External factors, including temperature, pressure, and the surrounding medium, highly influence the conformational state of mefenamic acid. Researchers have conducted extensive investigations into its spatial structure not only in organic solvents but also in supercritical fluids, aerogels, and lipid bilayers. These studies have helped elucidate the impact of different environments on the molecule's conformation.

==Society and culture==
===Availability and pricing===
Mefenamic acid is generic and is available worldwide under many brand names.
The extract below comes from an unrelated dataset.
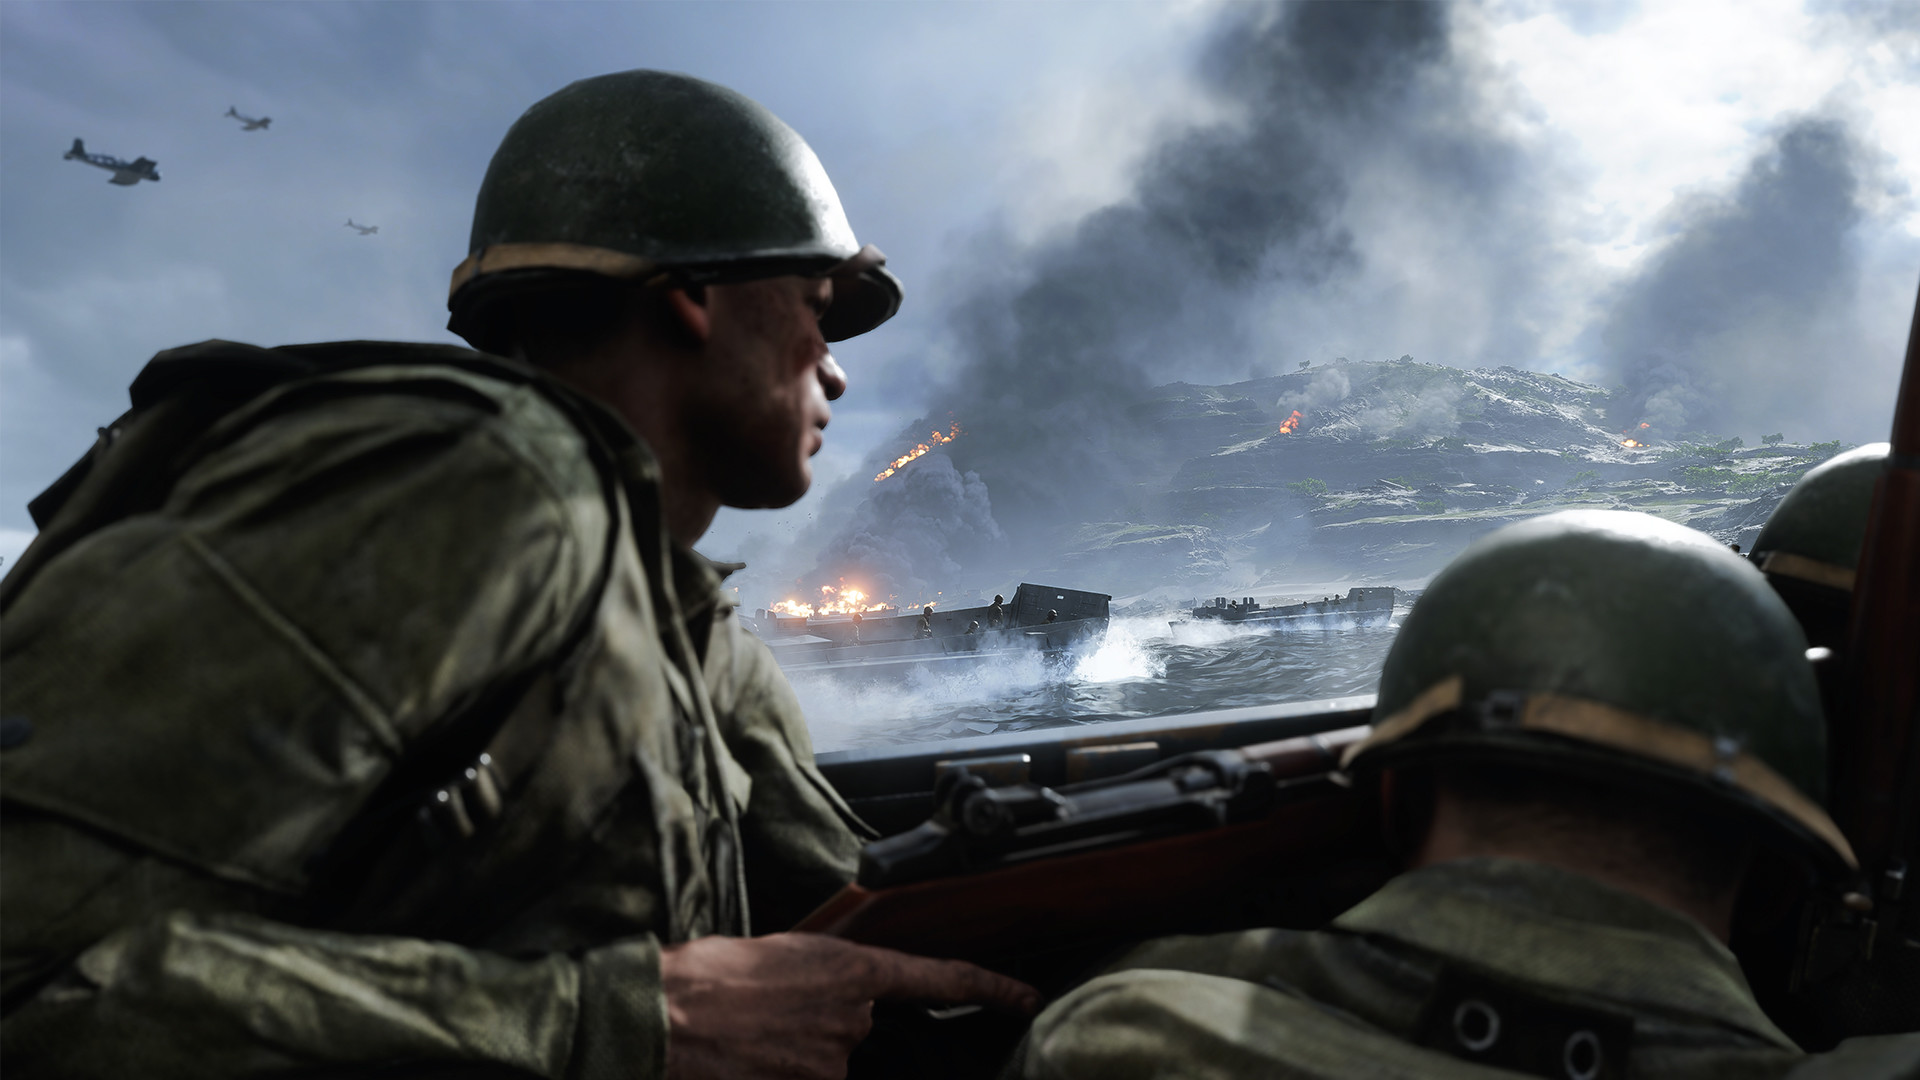 Battlefield V screenshot
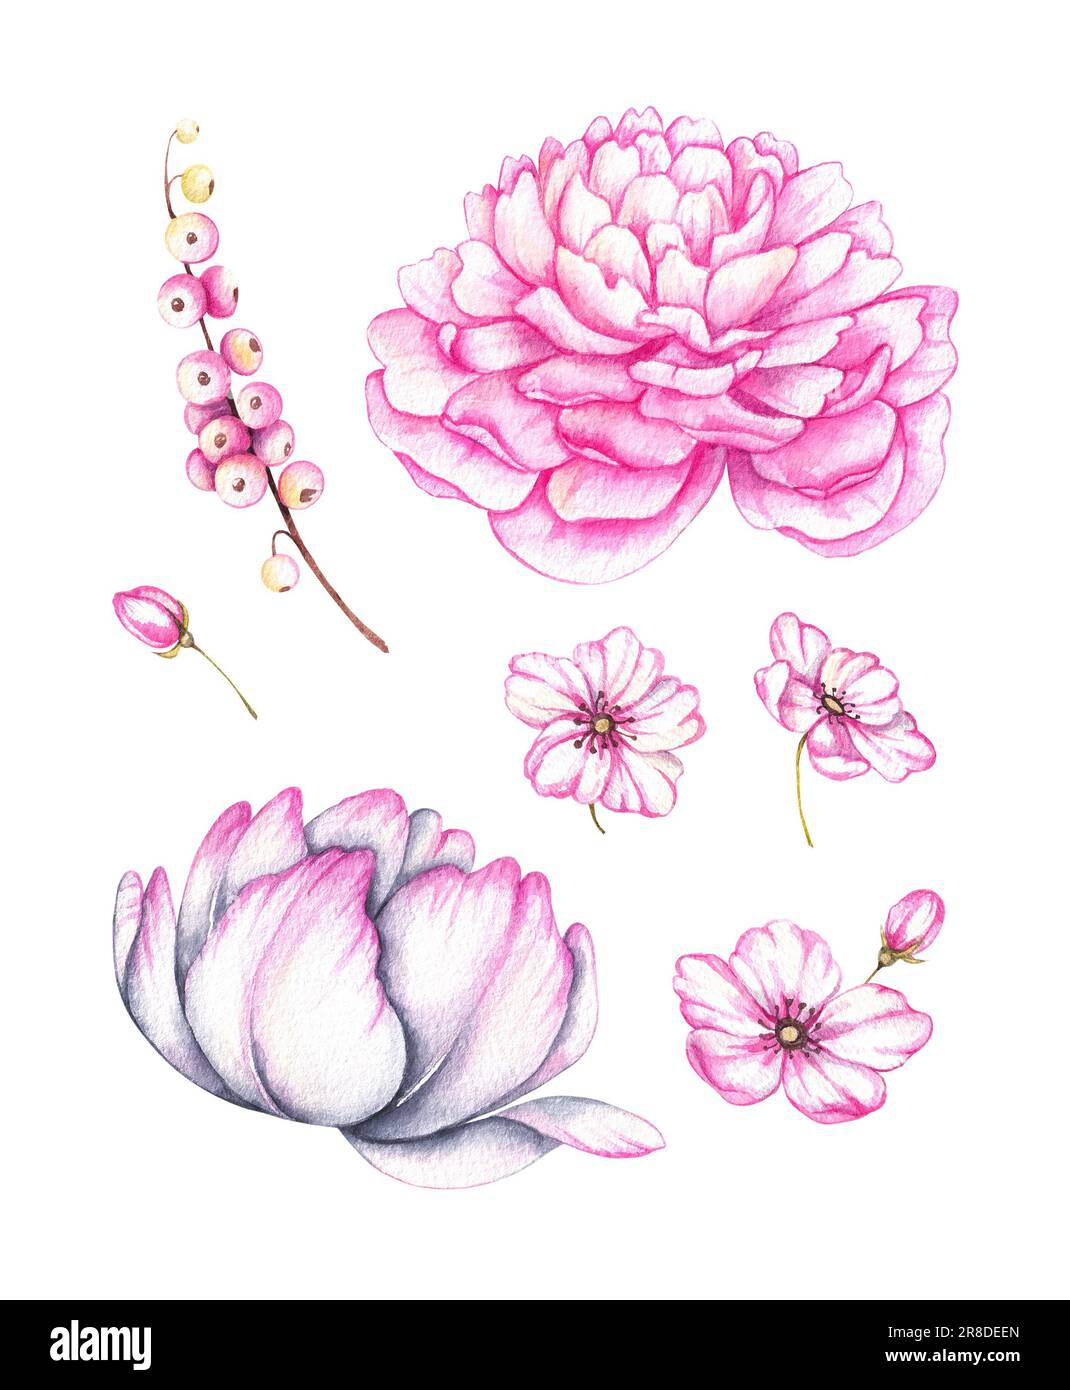 Acquerello Set di fiori rosa su sfondo bianco. Peony, fiori di melo, tulipano per la progettazione di schede di primavera, festival, inviti, banner, bu Foto Stock

In the US, wholesale price of a week's supply of generic mefenamic acid has been quoted as $426.90 in 2014. Brand-name Ponstel is $571.70. By contrast, in the UK, a week's supply is £1.66, or £8.17 for branded Ponstan. In New Zealand, a week's supply of Ponstan costs NZ$9.08, around US$5.50.

==Research==
While studies have been conducted to see if mefenamic acid can improve behavior in transgenic mouse models of Alzheimer's disease there is little evidence that mefenamic acid or other NSAIDs can treat or prevent Alzheimer's in humans; clinical trials of NSAIDs other than mefenamic acid for treatment of Alzheimer's have found more harm than benefit. A small controlled study of 28 human subjects showed improved cognitive impairment using mefenamic acid non-steroidal anti-inflammatory therapy.